Elon Musk, the founder of Tesla and SpaceX, said in a recent post on X that artificial intelligence could exceed the combined intelligence of all humans within four to five years. He described the coming wave as a "super sonic tsunami" that would sweep the world, underscoring his increasingly aggressive timeline for AI progress.
The article notes that Musk has repeatedly shortened his forecasts. At the World Economic Forum in Davos earlier in 2026, he said AI could be smarter than any individual by the end of 2026 and smarter than all humanity by the start of the next decade. Earlier this year, at the Abundance conference, he said artificial general intelligence, or AGI, could arrive in 2026. In April 2024, he had said systems smarter than any person might appear by 2025 or 2026, and later that year he suggested AI could match the output of eight billion people within a few years of reaching human-level performance.
Musk is not alone in predicting rapid gains.
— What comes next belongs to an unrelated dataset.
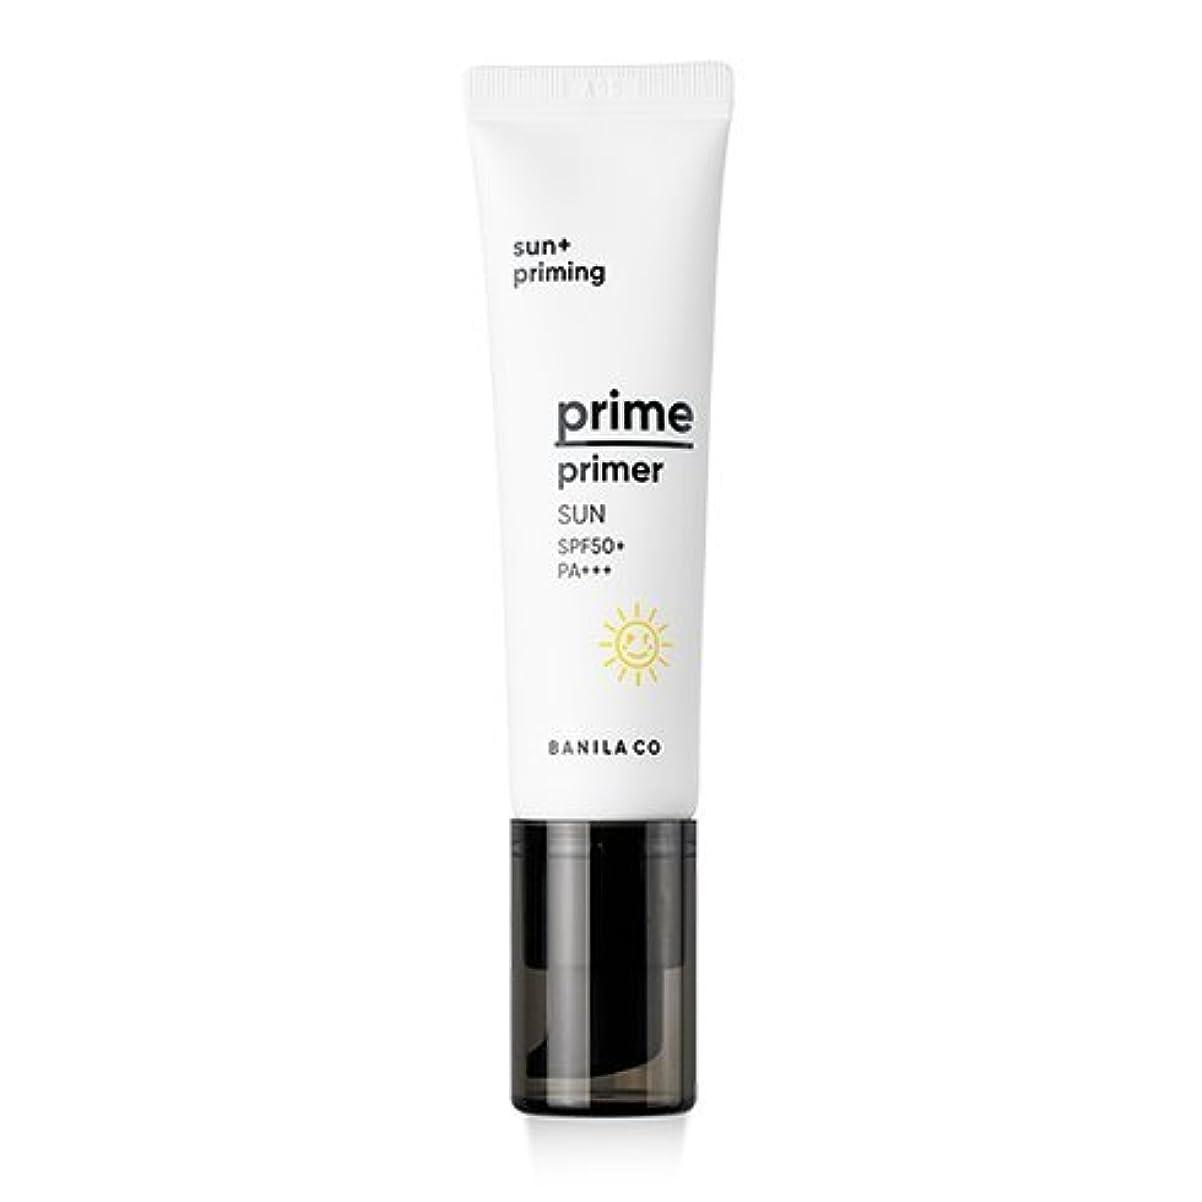 言語学コメントバラエティ[Renewal] BANILA CO Prime Primer Sun 30ml/バニラコ プライム プライマー サン 30ml [並行輸入品]

Anthropic CEO Dario Amodei estimated that by 2027, systems could emerge with intellectual output comparable to "a whole country of geniuses." Industry figures also point to sharply falling costs, saying model usage prices have dropped by hundreds of percent over the past two years, and to the possibility of recursive self-improvement, where AI systems create more advanced versions of themselves.
The piece also highlights skepticism. Critics say Musk’s past timelines have often not materialized on schedule, and others argue that intelligence is more than computation or information retrieval, with judgment, morality, and deep human understanding still much harder to replicate. There is also concern that such powerful tools could create unprecedented risks if they fall into the wrong hands, even as the AI race continues at speed and the next few years could prove decisive for the relationship between humans and machines.